Paper long abstract:
Systems of data logging and retrieval have always been central components of accountability within the professional sphere. This talk will explore the implications of such a technology within the domestic sphere, in the form of an Internet logging and visualisation tool. This technology was created under the noble aspiration of giving individuals knowledge and control of their own data, data that is currently harvested by digital service providers for profit, and elements of the state for monitoring. The project this study is a part of is one of many similar programmes seeking to nurture a digital citizenry, whose empowerment stems from the conviction that 'data is power'. Internet use in the home has traditionally been subject to 'natural accountability' (Garfinkel 1967) just as any other practice is, but contemporary technologies - particularly mobile devices - render many digital activities unobservable to others (consider, for example, the difficulty parents face in surveilling the activities of their children online).
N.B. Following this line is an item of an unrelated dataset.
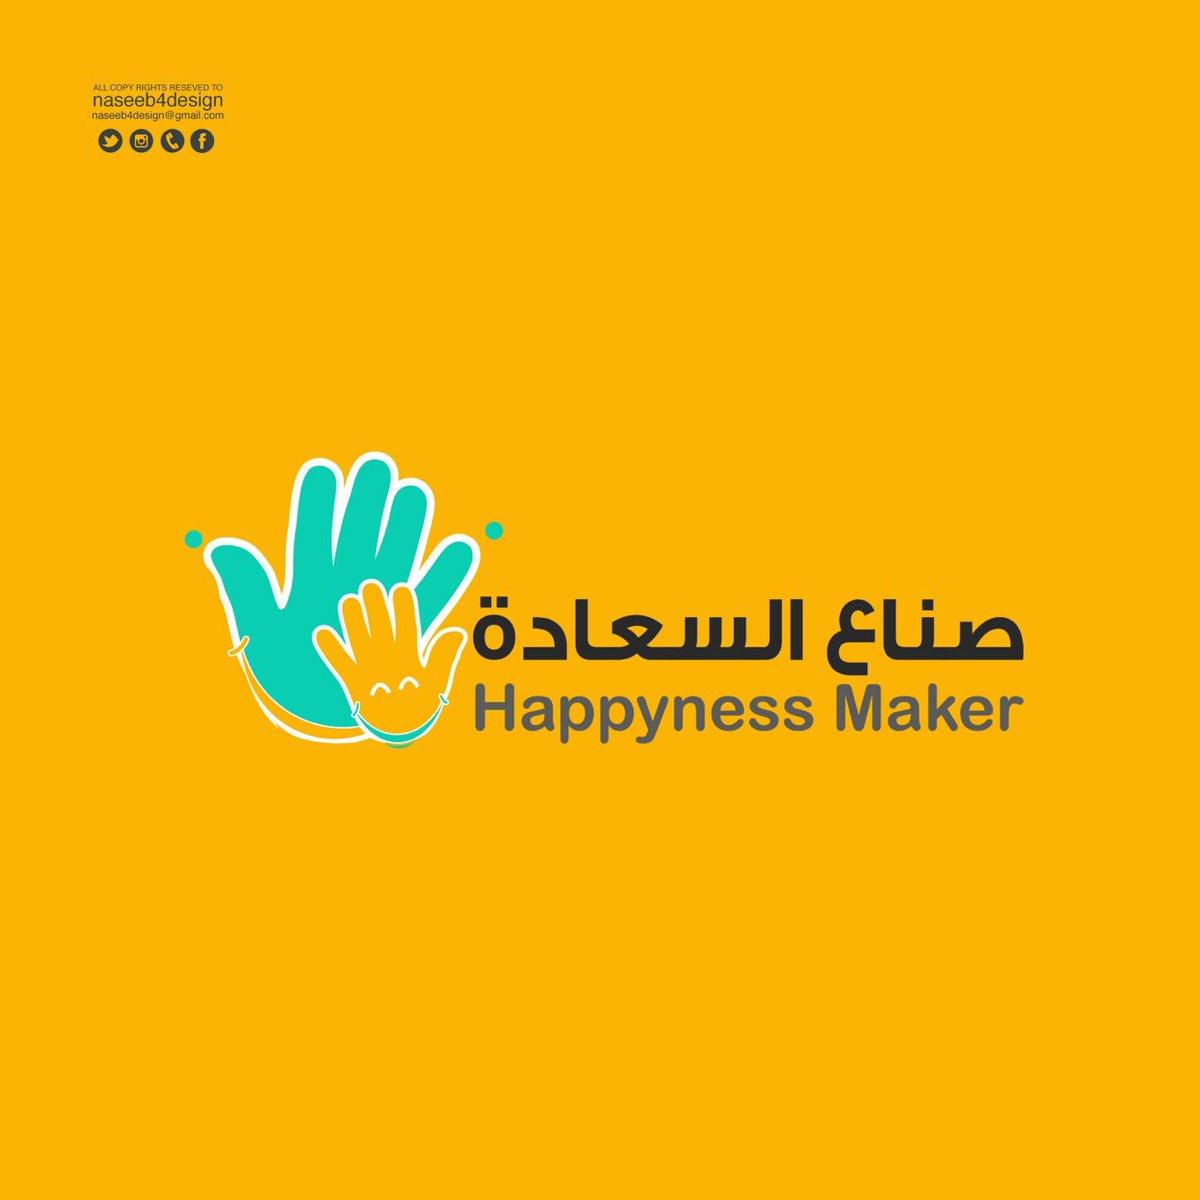 Naseeb Ali Al Amri On Twitter هوية فريق صناع السعادة للعمل

Furthermore, the mundane and deeply embedded nature of Internet use in daily activities even limits observability of one's own activities. The talk will consider existing accounting practices around Internet use within domestic contexts, before analysing the accounting work conducted by family members when their activities are surfaced by network logs. The talk will conclude with a discussion of what the consequences of such technologies of accountability in the home might be, where hierarchies of power are multifaceted and dynamic.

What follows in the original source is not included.